叶老的病情,以一种近乎荒谬且梦幻的方式,惊天大逆转,最为有苦说不出的则是霍老和霍宇豪,霍老刚才冲着秦阳冲天一怒,霍宇豪更是连枪都掏了出来,虽然没有开枪,但威胁的意味不言而喻。
可冲的越猛,摔的越惨。
叶老病情逆转,爷孙二人的脸色,也是最为难看的。
叶铮凌性虽然沉稳,但此时也是按耐不住了,他朝秦阳问道:“秦阳,刚才到底是怎么回事?”
秦阳不以为意的淡然说道:“我早就说过,没什么好说的,事实胜于雄辩,我现在依旧坚持这个道理,如果你们觉得我依旧是错的,那么,我就一错到底吧。”
叶铮凌脸色微有些尴尬,苦笑道:“这事我们之前也没想到,大家都是关心病人的安全,希望你能理解。”
叶沉鱼也是焉切的看着秦阳,希望秦阳可以息事宁人。
秦阳并非是不讲道理的人,但今日三番五次被人挑衅,他脾气再好也有个限度。
一声讥笑,秦阳说道:“叶兄,我能理解你,众位医者父母心,我也能理解,但有些人的做法,我是绝对不能理解的。”
有些人是谁,不言而喻。
霍宇豪当即沉不住气,大声道:“秦阳,你这话是个什么意思?你要是看我不顺眼,尽管明说,何必藏头露尾。

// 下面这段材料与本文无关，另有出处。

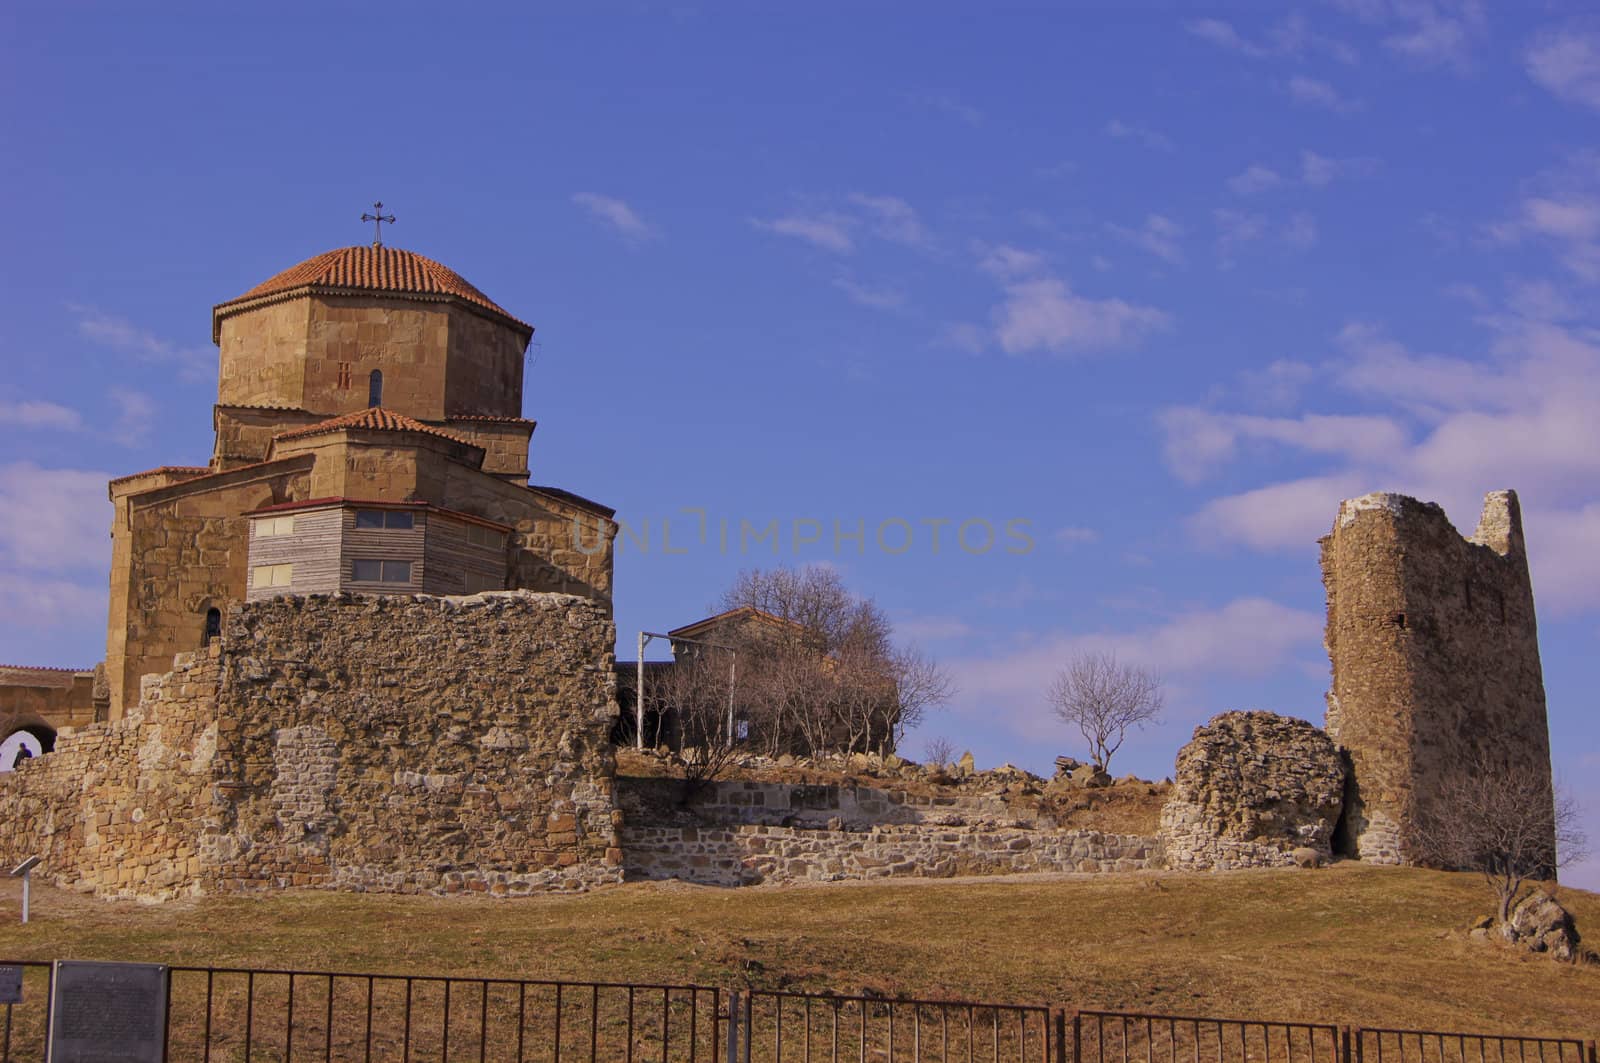 Exterior of ruins of Jvari, which is a Georgian Orthodox monastery of the 6th century near Mtskheta (World Heritage site) - the most famous symbol of georgiam christianity by Elet

”
秦阳淡然微笑道:“我有说不能理解你吗?这么心虚干吗?”
“我……王八蛋,你竟敢耍我!”霍宇豪脸色大变,气急败坏的说道。
秦阳微微笑着,不置可否,耍的就是这个王八蛋。
霍老人老皮厚,人生数十年,什么样的阵仗没有见过?
秦阳那一句不痛不痒的讥讽,他自然是不会放在心上,只是霍宇豪如此迫不及待的跳出来当靶给秦阳打,还是让他叹了口气。
霍老端起茶杯的时候,不着痕迹的扫了秦阳一眼,发现秦阳只是面色平静的坐在那里,气定神闲,好似什么时候都掌控在手里,胜券在握。
反观霍宇豪,却是涨红了一张脸,就像是一只斗败的公鸡,高下之别,一眼可见。
霍老这一口气叹在心里,自己的这个孙,也太不争气了。
霍老今日带着两个医术高明的医生前来探望叶老,本来也是因为和叶老之间的一份情意在,并无私心。
但这份情意,在遇上秦阳的时候,立即就被打破了。
叶老自然有听说过九龙山上的赛车事件,更有听闻秦阳和叶沉鱼之间的绯闻……这两起事件摆到一起,一来是秦阳和霍宇豪不和,二来,是秦阳和叶沉鱼的关系太过密切,让他心里极为不舒服。
毕竟,他是打从骨里喜欢叶沉鱼,期盼叶沉鱼做他的孙媳妇的。
秦阳这个后来者抢先拔得了头筹,霍老自然是看不开的。
正是因为如此,在进来之后,霍老才会借由那一张药方发难,打算整秦阳一个灰头土脸,哪里知道秦阳不动声色间翻盘,反而打了他一个措手不及。
霍老毕竟人老成精,各种手段层出不穷,只是片刻的挫败之后,便让随身而来的两个医生上去为叶老诊病,发动反击,后面的事情也的确顺应他的心意,叶老出问题了。
这是一个绝佳的反击机会,霍老自然不会错过,当即先发制人,要将屎盆扣在秦阳的脑袋上。
可他哪里知道,秦阳这个人就是一块又臭又硬的石头,根本就油盐不进,在那样的情况下,依旧稳坐钓鱼台,又是用他那层出不穷的手段,狠狠的在他这张老脸上打了一个耳光。
到这个时候,霍老哪里还会不清楚,他的那些算计,在秦阳看来,根本就不值一提,秦阳不是糊涂人,他早将一切都看的清清楚楚,只是没有直接戳破罢了。
他在算计秦阳的同时,秦阳何尝不是在算计他?
只是,两相对比,秦阳的计谋更胜一筹罢了。
这样的一个年轻人,由不得霍老不心生凛然,甚至是欣赏。
而相比较之下,霍宇豪的表现,则实在是太过寻常,尽管他的拔枪之举,可圈可点,可他毕竟是没胆开枪,既然开不了枪,变成一个笑话也是理所应当。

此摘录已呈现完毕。